Your daughter looked beautiful in your wedding dress. I am sure it will be such a lovely wedding. I would have to bring lots of extra handkerchiefs/tissues to such a wedding. Sigh. I've found that life goes very quickly now that I am middle-aged.
People love Downton. This is probably why I hate it. I've been watching Masterpiece for years, with a cup of Earl Gray and a warm blanket. Then all of a sudden, here is my show, my secret, my private indulgence, all watered down and silly, with actors making appearances on such programs as "Good Morning America." Seriously. Ugh! I guess I'm a snob, but it really bugs me.

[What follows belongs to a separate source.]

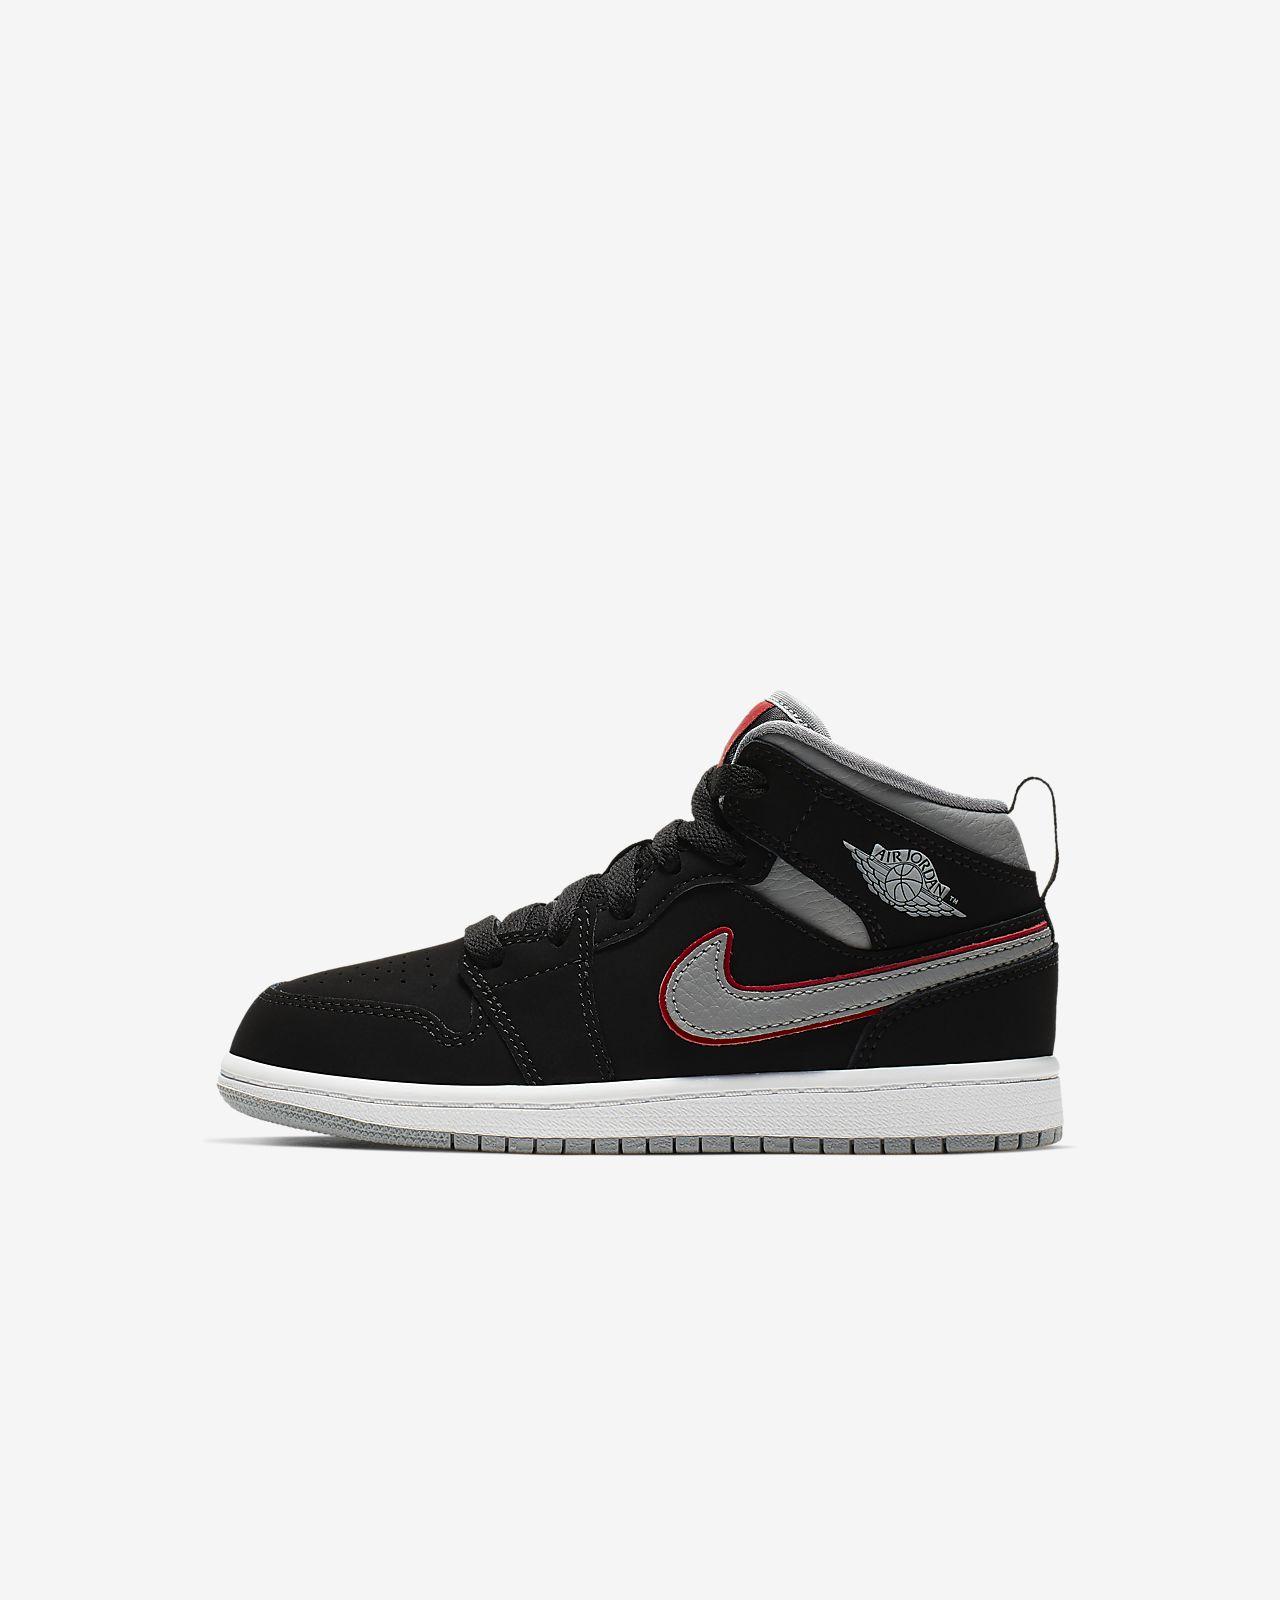 quality design 679fa 21ede Little Kids  Shoe. Air Jordan 1 Mid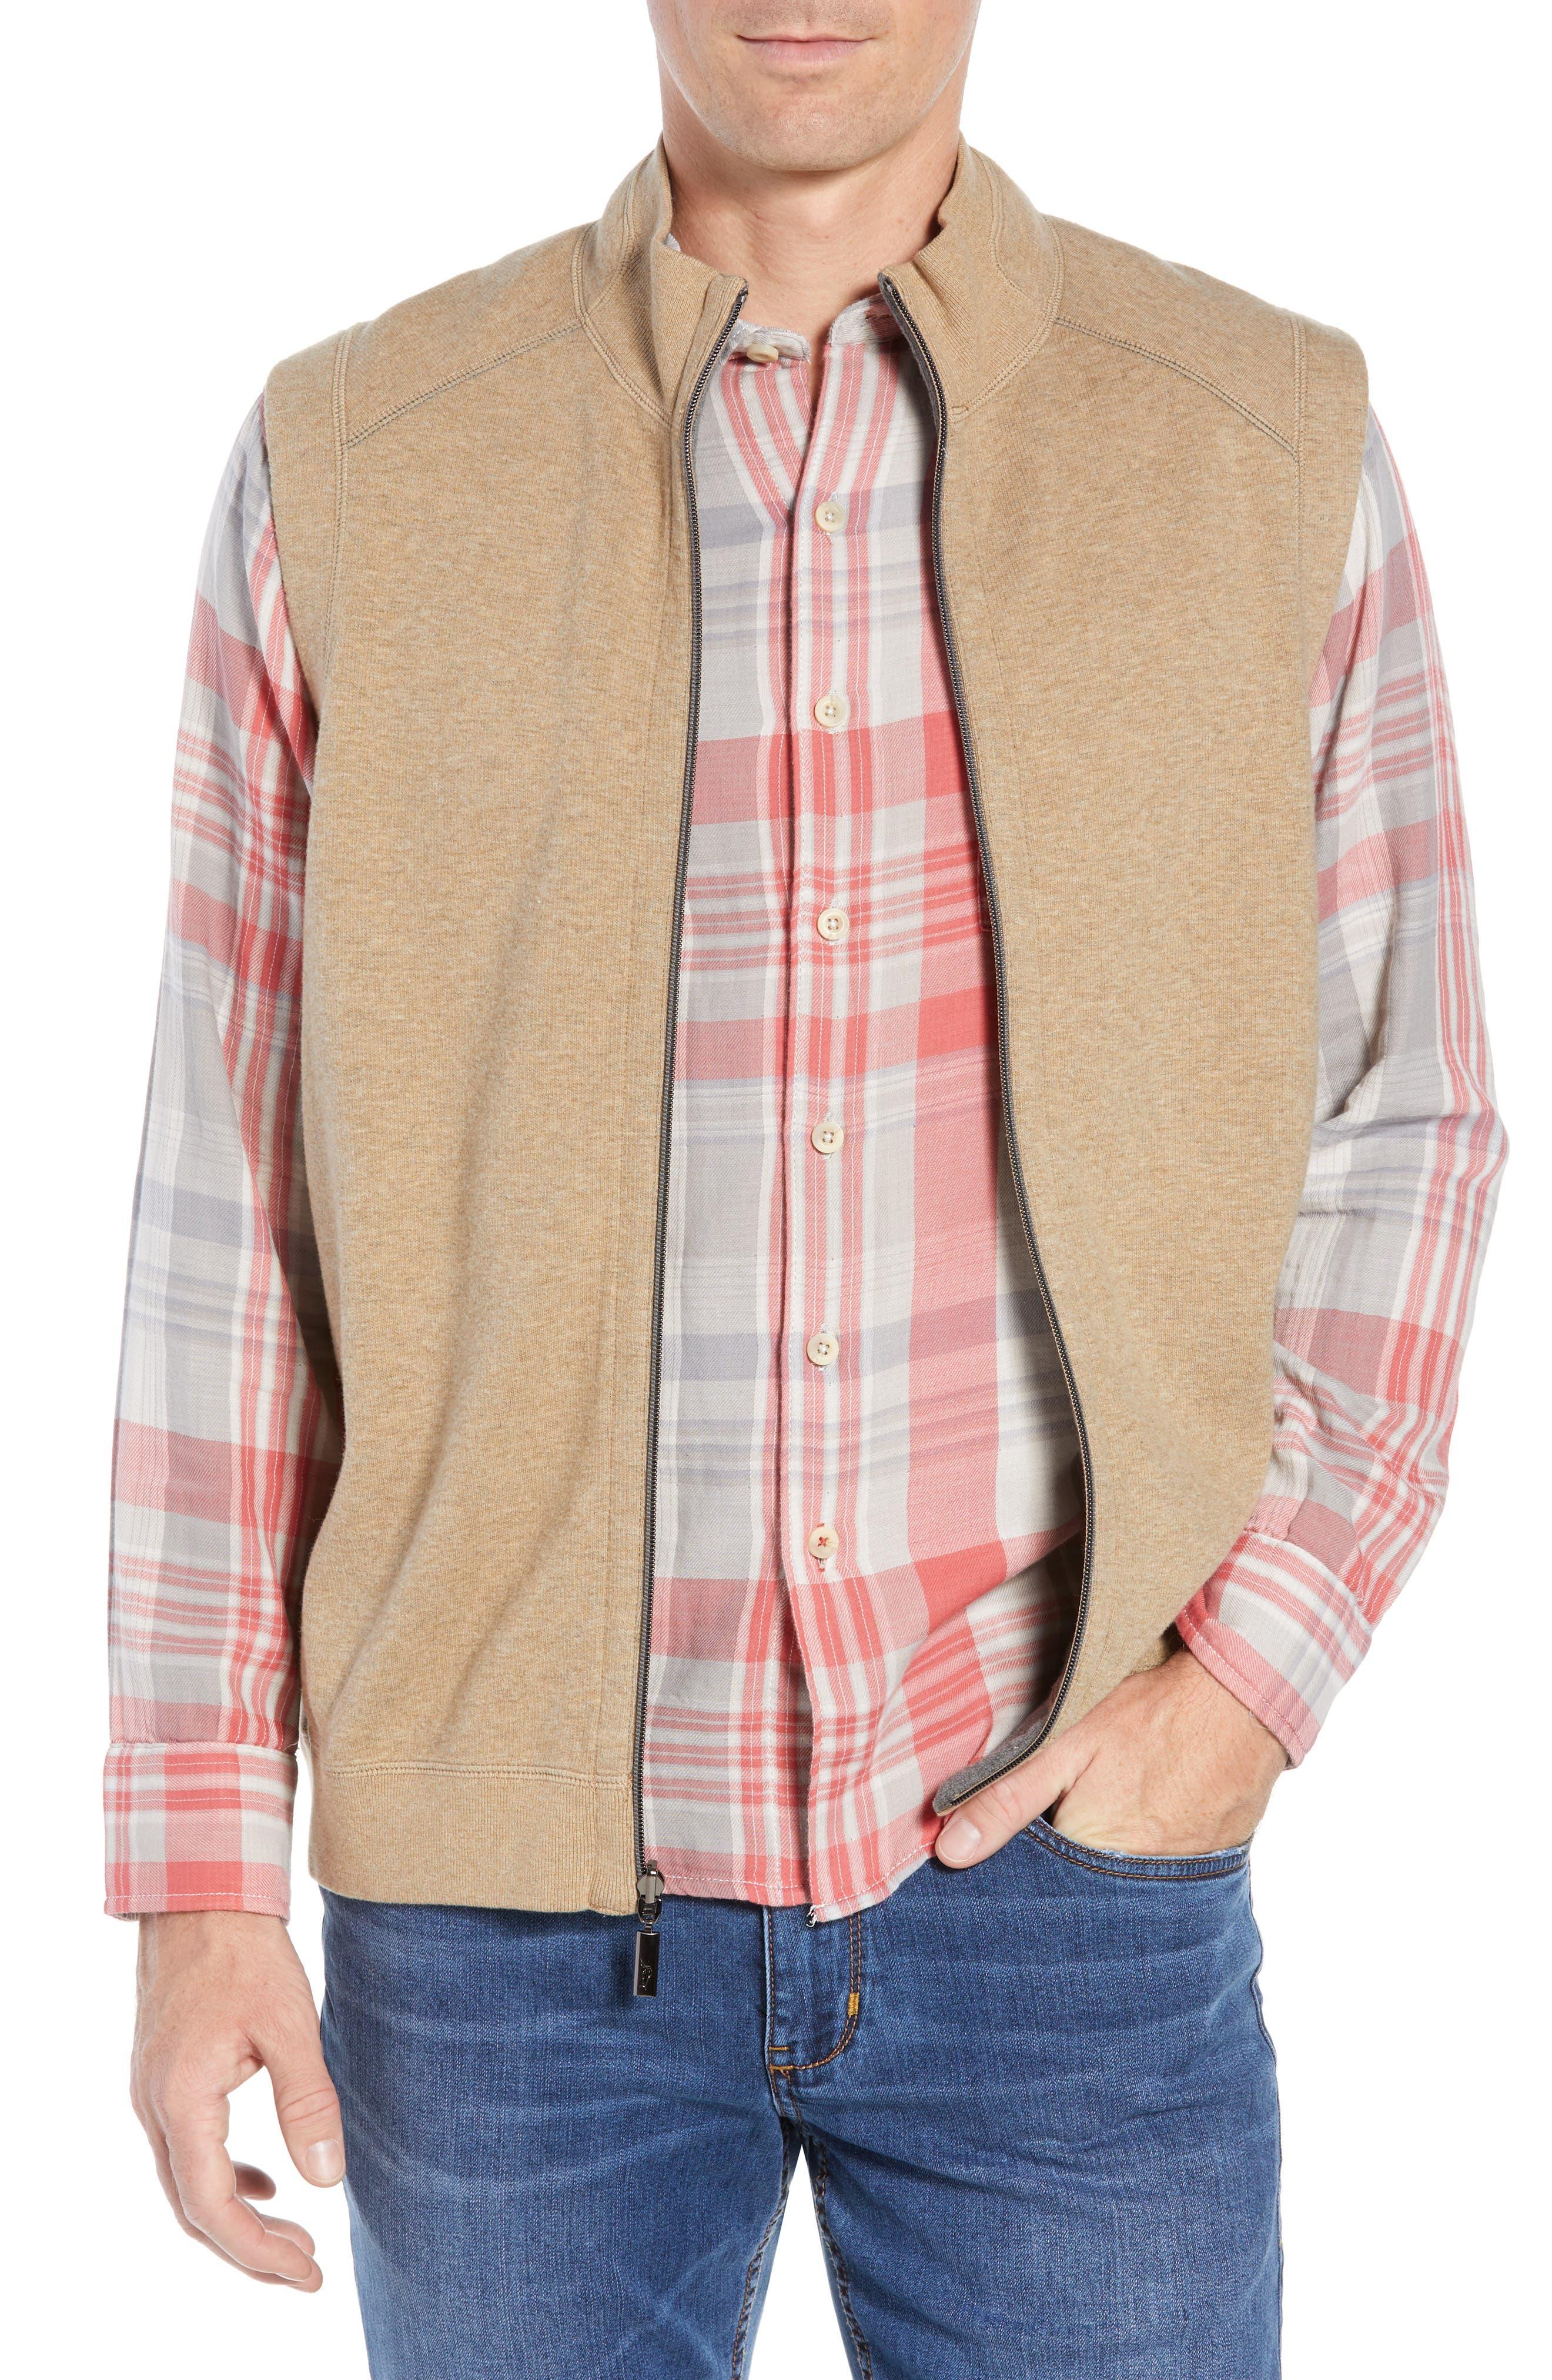 Flip Side Reversible Zip Vest,                             Main thumbnail 1, color,                             GOLDEN HONEY HEATHER

I love BBC period pieces. Usually. The most recent one I tried to watch was 'Cranford'. I got through three episodes and I just couldn't bear it. Multiple characters died in each episode and from what I read, that was going to continue. I can't imagine how they made 'Return to Cranford' since I would have thought the whole town would be dead by the end of the first series. I couldn't continue and for some reason, I associate Downton with Cranford. I imagine it has the same kind of depressing plots with a few hints of silliness thrown in to attempt to counterbalance it. I don't know if I am way off-base but right now I need a good BBC show that I haven't seen yet.
The year I had my youngest, they had remakes of all the Jane Austen books. Some were good and some were not. I went into labor when I was watching one. I believe it was 'Persuasion'. Maybe I should re-watch some of those.
I think I kind of liked Cranford. I don't remember it very clearly. I loved the Jane Austen remakes, although, as you said, some were definitely better than others. They moved me to reread my Jane Austen books, and that was very enjoyable. The older I get, the more I get out of them.